On August 4, the state brought in an ordinance reducing the total number of councilors in the Brihanmumbai Municipal Corporation (BMC) from 236 to 227. A separate application was filed by private individuals, including a former councillor Suhas Chandrakant Wadkar, who challenged the ordinance in the already pending proceedings before the top court.

“The ordinance is a direct affront to the orders passed by this court. Our only prayer is that till this matter is heard, there should be status quo on the ordinance,” senior advocate Devadutt Kamat, appearing for Wadkar, told the court.

The state, represented by senior advocate Shekhar Naphade, objected to the move, saying a challenge to Ordinance cannot be made by way of an application but a substantive writ petition. To this, Kamat said the same has been done and the application challenging the ordinance should be heard with the present set of matters.

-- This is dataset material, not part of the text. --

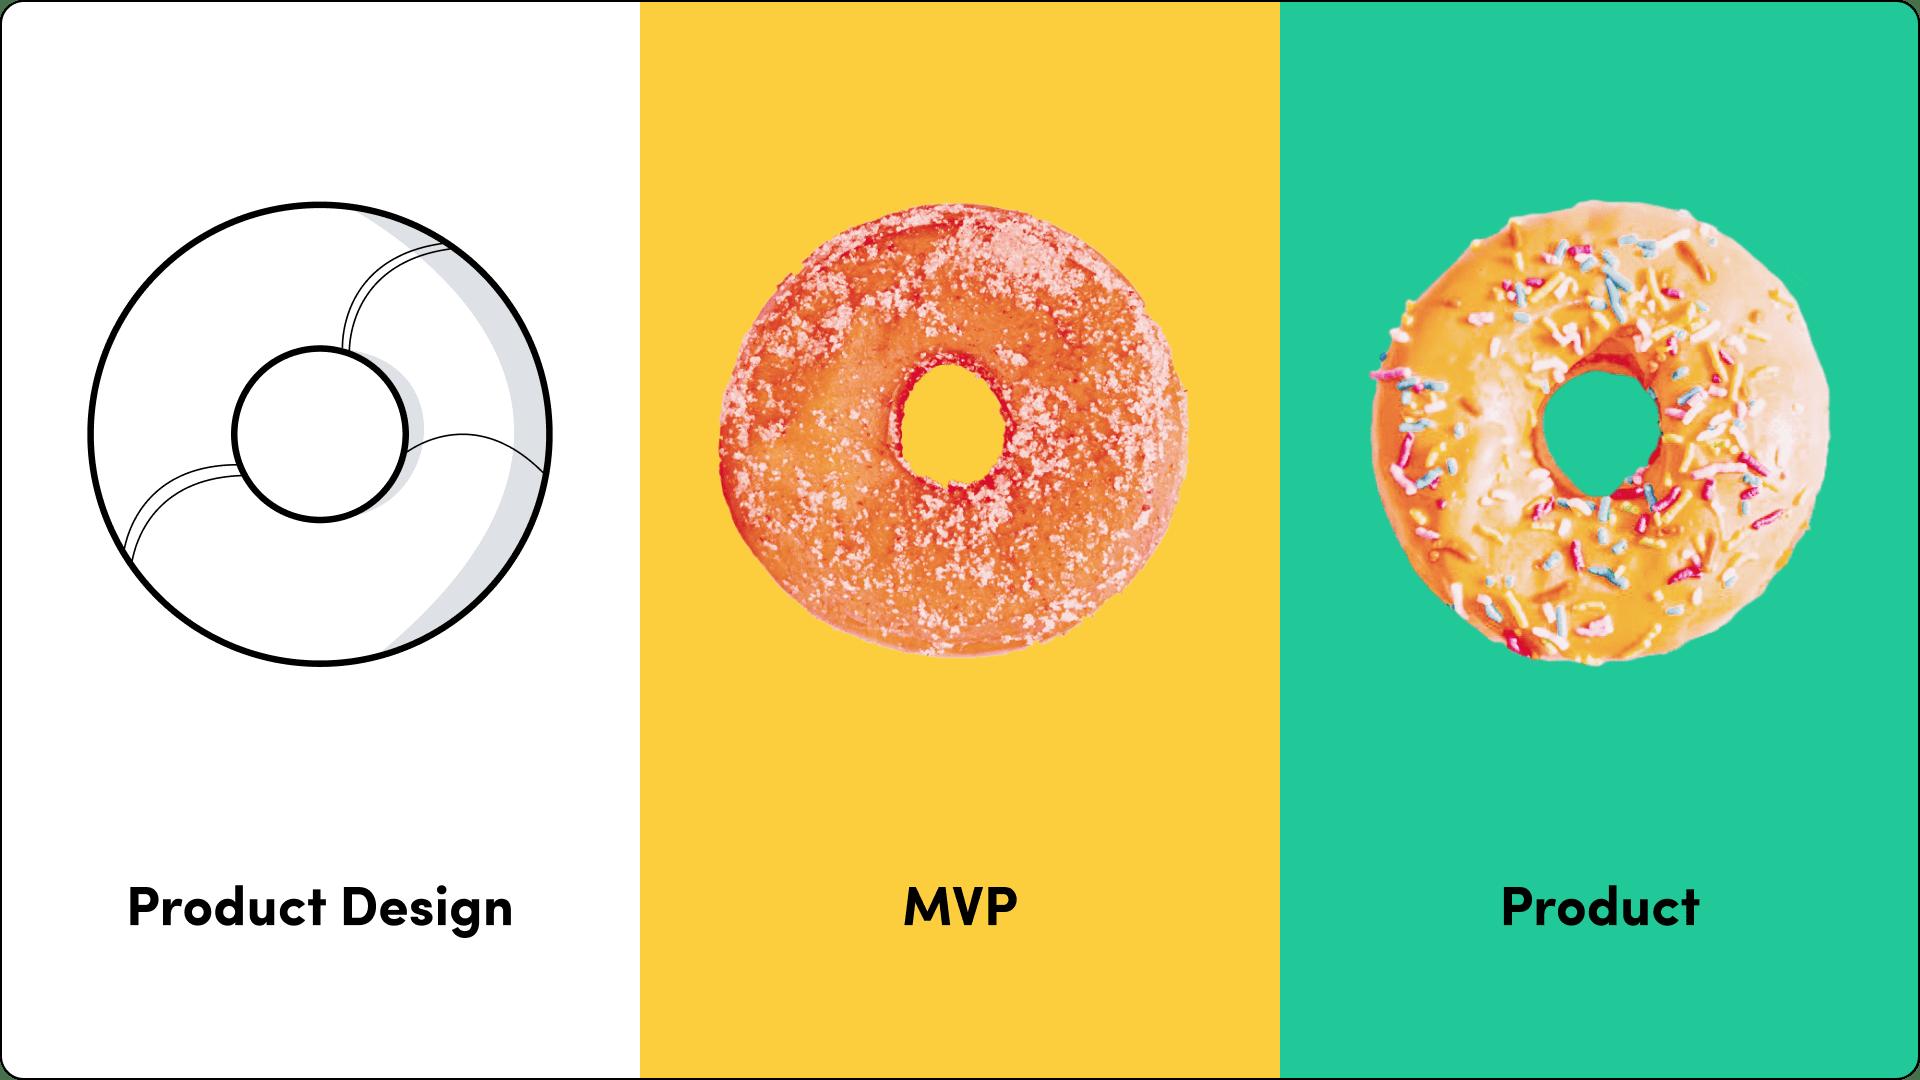 product-design-mvp-minimum-viable-product-example

“We cannot take up further disposal of the matter,” said the bench led by the CJI. “For the next four to five weeks, let status quo be maintained.” The bench further clarified that the status quo was with regard to the ordinance as well.

Wadkar in his plea filed through advocate Nishanth Patil said, “If the number of councilors is reduced as per the ordinance, the entire process carried out till today (of demarcation of wards) as per the directives issued by this court from time to time will have to start afresh from the stage of draft ward formation.”

Stating that the ordinance has been issued to “outflank” the past orders of the top court, the plea added: “If the ordinance is not struck down, it will cause further, inordinate delay in completing the process of election. This would also result in heavy, unnecessary burden on the administrative machinery and public exchequer.”

Earlier this year, the top court permitted Madhya Pradesh to have OBC reservation in local body polls after it fulfilled the triple test.